Rule-based DFM analysis for deep drawing. Deep drawing is a widely used cold sheet metal forming process to draw the sheet metal in forming dye of desirable cross-section using mechanical force of the punch. DFM refers to design for manufacturability. DFA refers to design for assembly. DFMA stands for design for manufacture and assembly. It is a practice for designing the engineering components keeping manufacturing and assembly aspects in mind. DFMA tries to tackle the problems that may come during the manufacturing and assembly at the design stage itself. Changes in the parts design to remove these problems while keeping the functionality of the parts intact. This is done to reduce the cost of iterations thus making the manufacturing of components more efficient and economical.

In the deep drawing process, a blank of sheet metal (usually circular) is placed on the die. The die is fixed to the base. The metal blank is held in position on the die using blank holder. Mechanical force is applied on the part of the metal blank above the die cavity through a punch. As the punch force increases the metal flows from the flange region in to the die cavity.

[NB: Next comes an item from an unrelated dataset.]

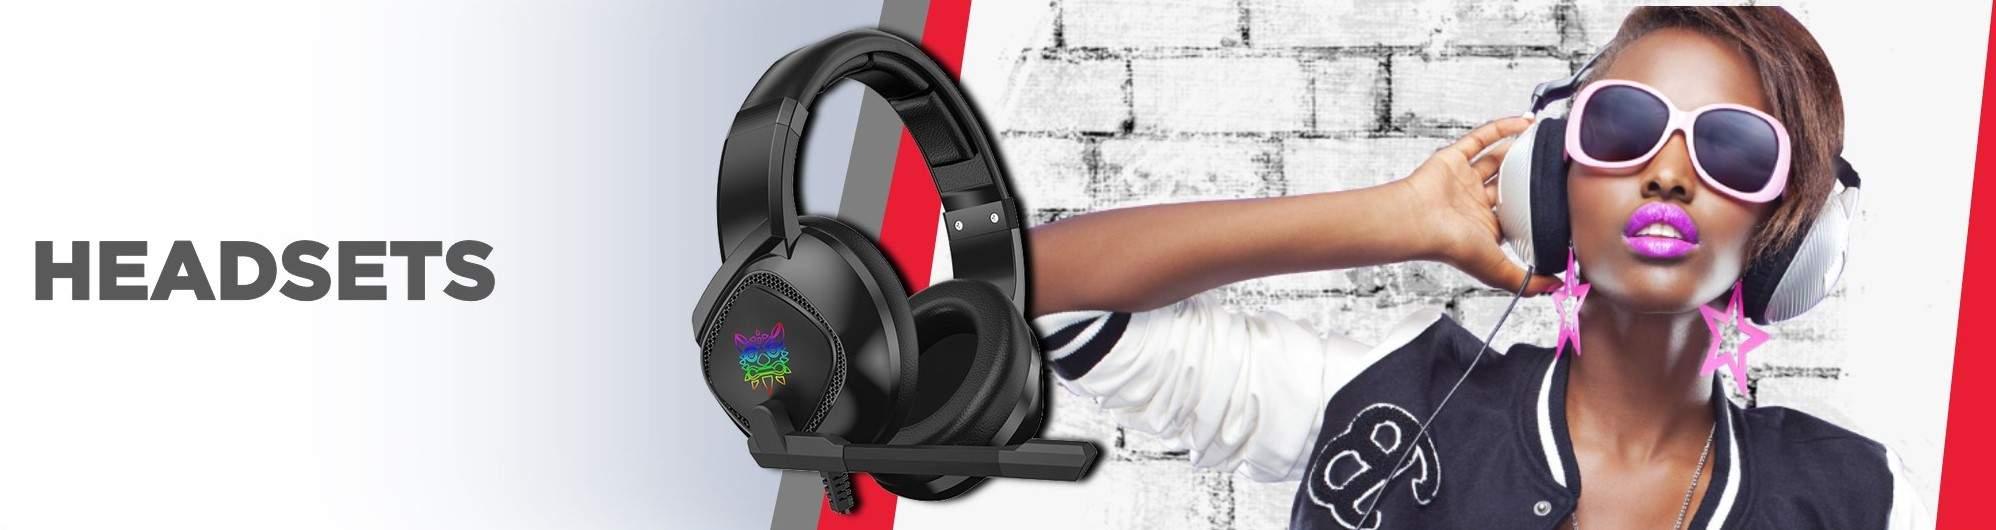 Matrix Warehouse Headsets

Here is the rule-based DFM analysis for deep drawing process. These rules can be incorporated at the design stage to improve the efficiency of the process:

== Material of sheet metal ==
As the deep drawing is a cold forming operation, the germane properties of the sheet metal are formability, ductility and yield strength. The material should have good formability and ductility so that it can be drawn into the desired shape without any cracks. The yield strength of the material should be low facilitating initiation of the flow of metal without tearing near the punch radius.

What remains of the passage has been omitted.